Constituency details
- Country: India
- Region: East India
- State: West Bengal
- District: Malda
- Lok Sabha constituency: Malda
- Established: 1977
- Abolished: 2011
- Reservation: None

= Araidanga Assembly constituency =

Former West Bengal Legislative Assembly constituency

Araidanga Assembly constituency was an assembly constituency in Malda district in the Indian state of West Bengal.

==Overview==
As a consequence of the orders of the Delimitation Commission, Kharba Assembly constituency and Araidanga Assembly constituency cease to exist from 2011. There are two new constituencies in the area – Chanchal Assembly constituency and Malatipur Assembly constituency. Araidnaga is now part of Ratua Assembly constituency.

Araidanga Assembly constituency was part of Malda (Lok Sabha constituency)

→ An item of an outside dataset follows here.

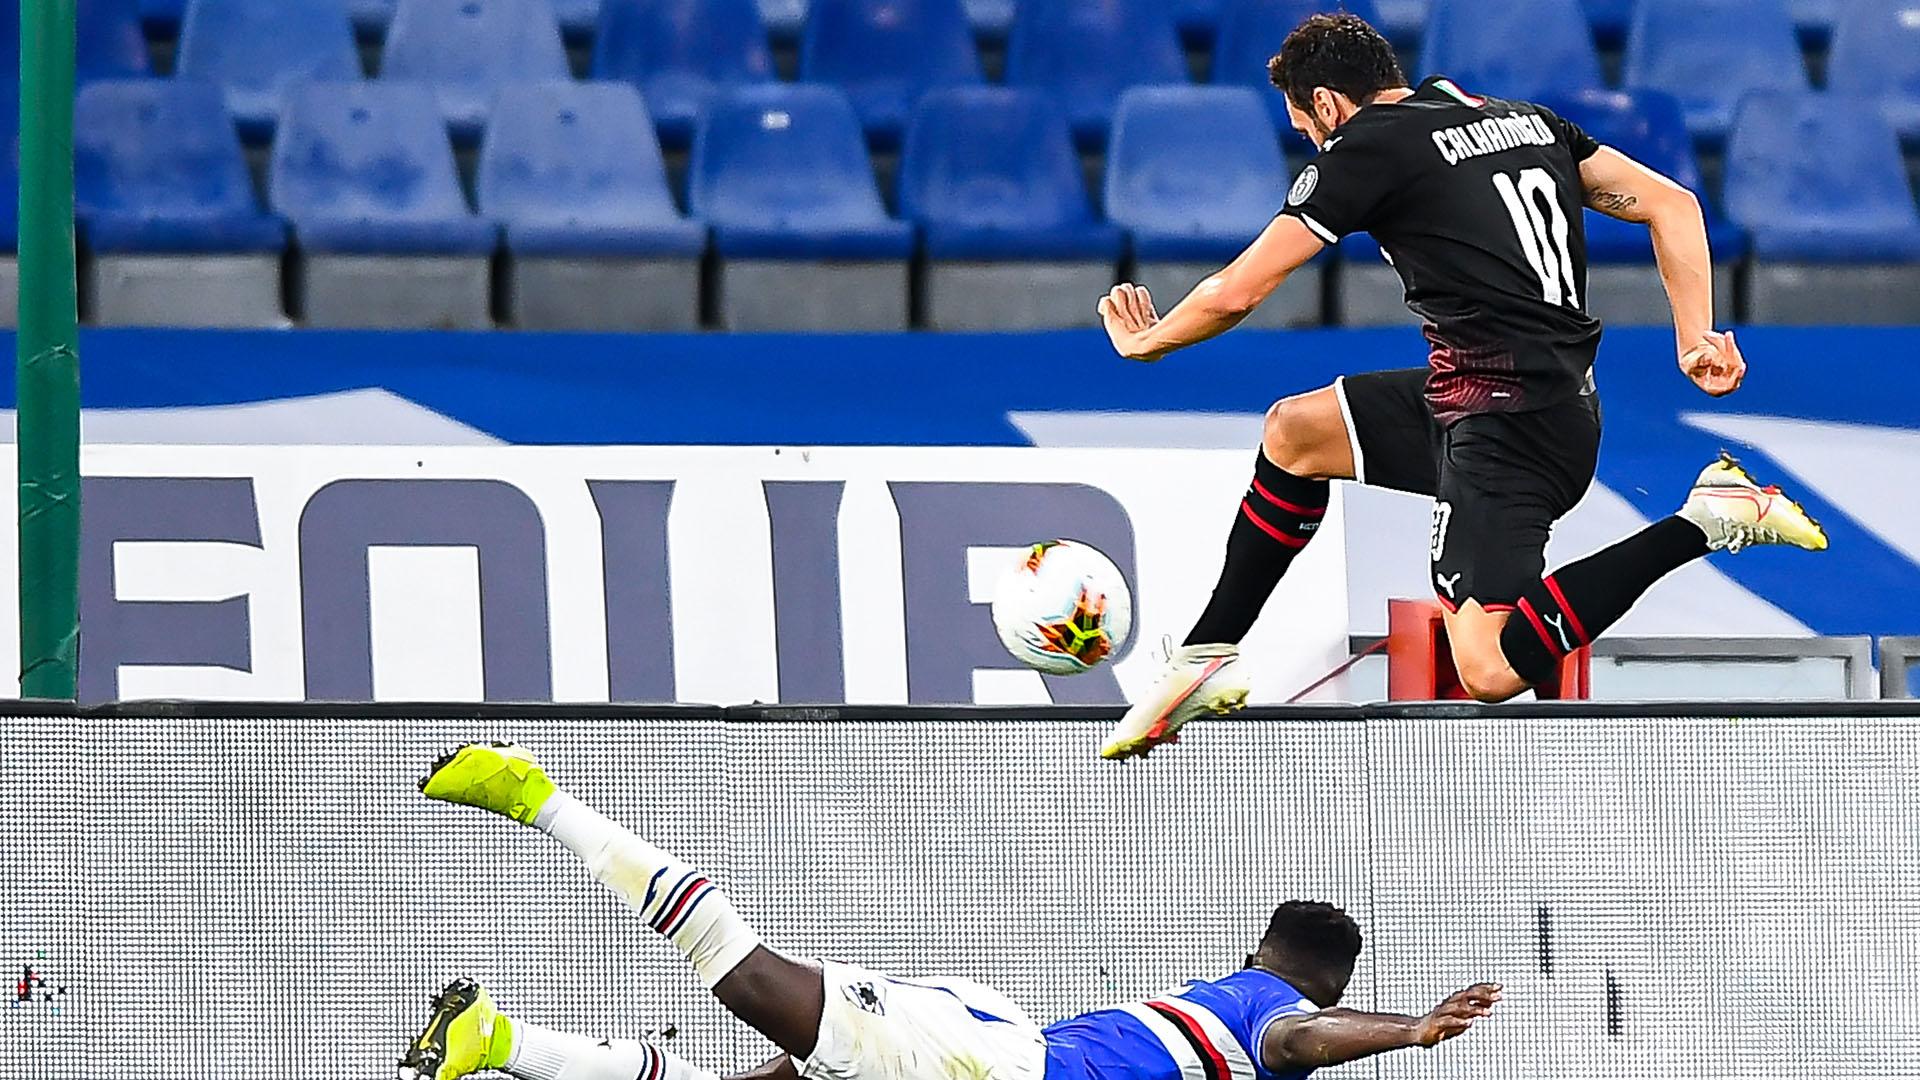 Sampdoria-Milan 1-4 - Le foto di Sampdoria-Milan 1-4 | Virgilio Sport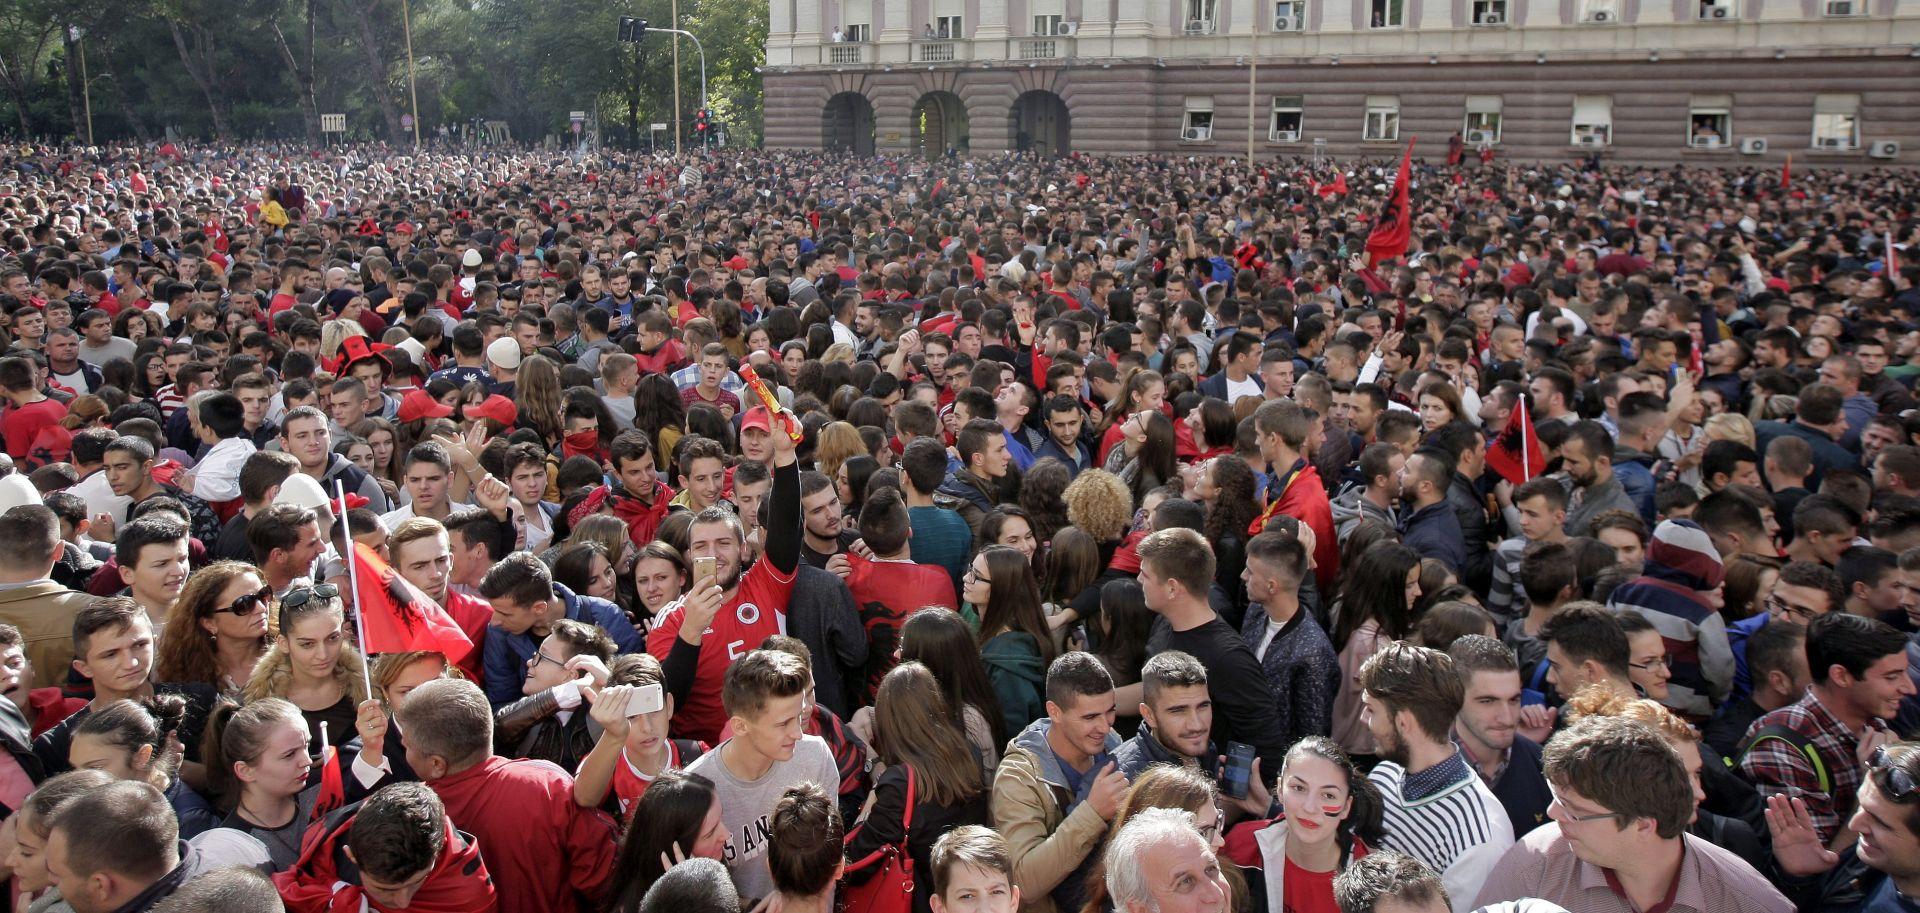 VIDEO: ALBANIJA DOČEKALA SVOJE HEROJE Reprezentativci odlikovani, Srbi pišu o namještenoj utakmici

== Members of the Legislative Assembly ==

| Election Year | Constituency | Name of M.L.A. | Party affiliation |
|---|---|---|---|
| 1977 | Araidanga | Habib Mustafa | Communist Party of India (Marxist) |
| 1982 |  | Habib Mustafa | Communist Party of India (Marxist) |
| 1987 |  | Habib Mustafa | Communist Party of India (Marxist) |
| 1991 |  | Sabitri Mitra | Indian National Congress |
| 1996 |  | Sabitri Mitra | Indian National Congress |
| 2001 |  | Sabitri Mitra | Indian National Congress |
| 2006 |  | Sabitri Mitra | Indian National Congress |

==Election results==

===1977–2006===
In the 2006, 2001, 1996 and 1991 state assembly elections, Sabitri Mitra of Congress won the Araidanga assembly seat defeating her nearest rivals Sadiqul Islam of CPI(M) in 2006, Setara Begum of CPI(M) in 2001 and 1996, and Habib Mustafa of CPI(M) in 1991. Contests in most years were multi cornered but only winners and runners are being mentioned. Habib Mustafa of CPI(M) defeated Abdul Hannan of Congress in 1987, Sajjad Ahmed of Congress in 1982 and Md. Gofurur Rahaman of Congress in 1977. Prior to that the Araidanga seat did not exist.